Dr. Amy Killen: I haven't looked into that specifically. I will say that there are a number of different ways to take these hormones. So the oral consumption of estrogen or estrodiol is something that is done as is progesterone, but a lot of these other things are not taken orally, they're taken sublingually as troches or similar, or they're taken transdermally as creams, or even as pellets where we put them under the skin and they get slowly absorbed. Because the oral forms in some cases just don't work as well, they do get taken up... Either the gut microbiome affects how effective the absorption is, or they get absorbed, but then they have to go through the liver pathway and the liver will decrease the bioavailability of some of them. So a lot of the hormones that we use in my practice are not taken orally, they're taken other ways.

Andrea Wien: Okay. That makes a lot of sense. I want to come back around. We were talking a little bit about inflammatory diet and just foods in general. So when you say inflammatory diet, what are some of the biggest offenders that we're seeing food-wise in terms of sexual health?

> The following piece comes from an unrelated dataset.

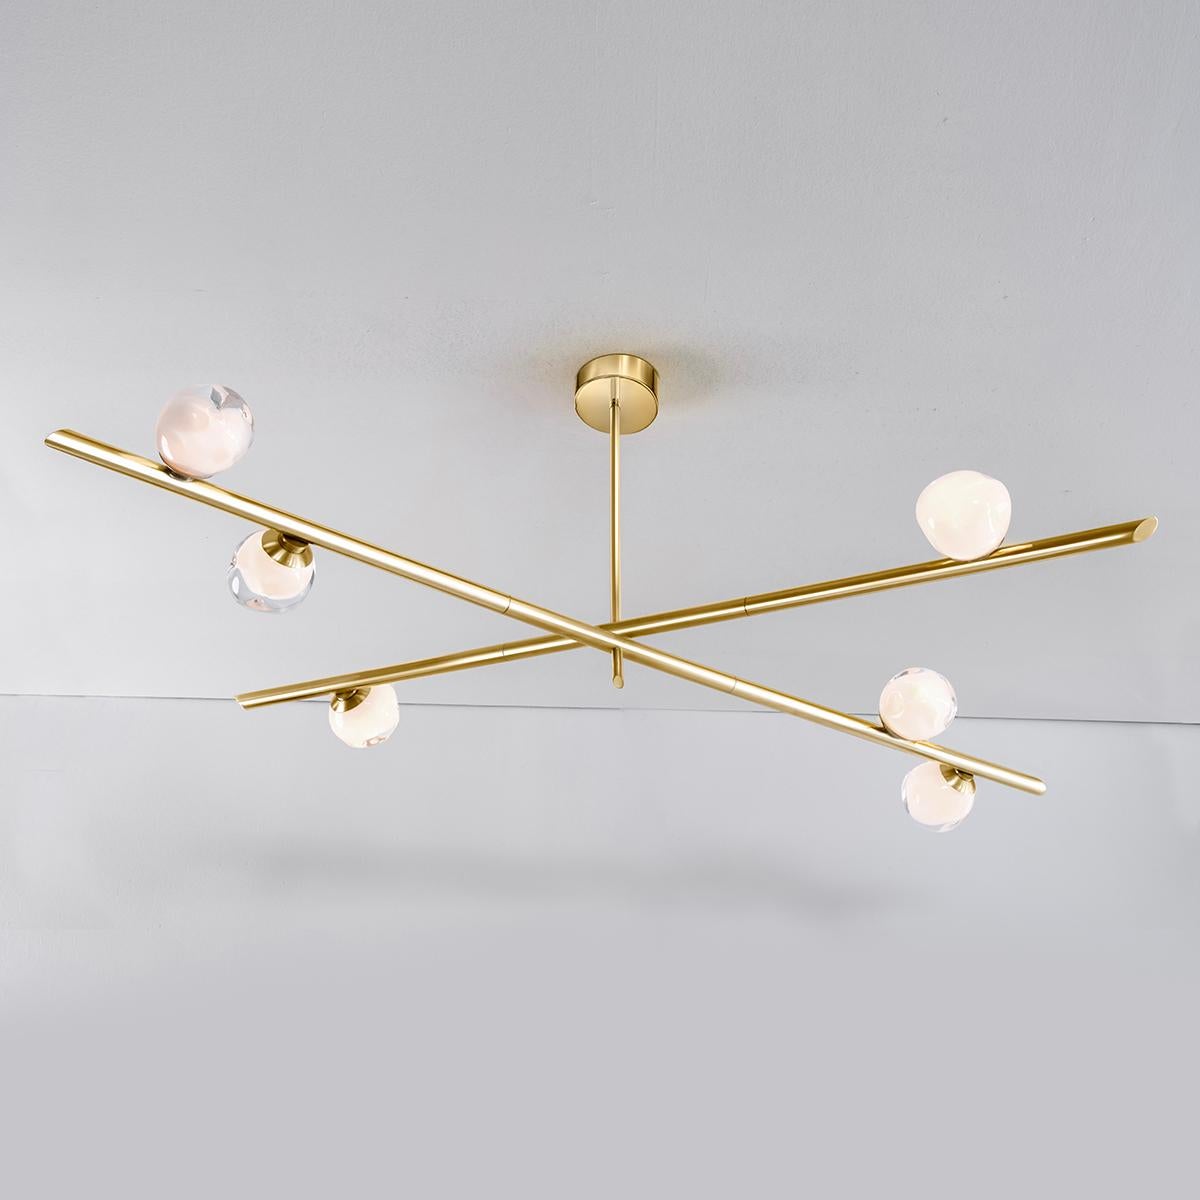 The Antares ceiling light harmoniously balances the linear details of its intersecting arms with the organic form of its handblown glass shades. The first image shows the fixture in polished brass-subsequent pictures are in the standard satin brass.

Dr. Amy Killen: Sugar is a big one of course. And I talk to patients about how it's not just sugar, like table sugar, but obviously it's any food that gets made into sugar directly in your body. Any of the simple carbohydrates, the breads, the pastas, the cereal that you thought was healthy, but now you learn it's not. So it's any of those simple carbohydrates and sugar are I think the top thing that I worry about with patients. But other things as well artificial sweeteners can have a big impact on gut microbiome. And of course it can have a big impact on things like diabetes risk as well, highly processed foods that are going to have a lot of the processing agents can be harmful as well.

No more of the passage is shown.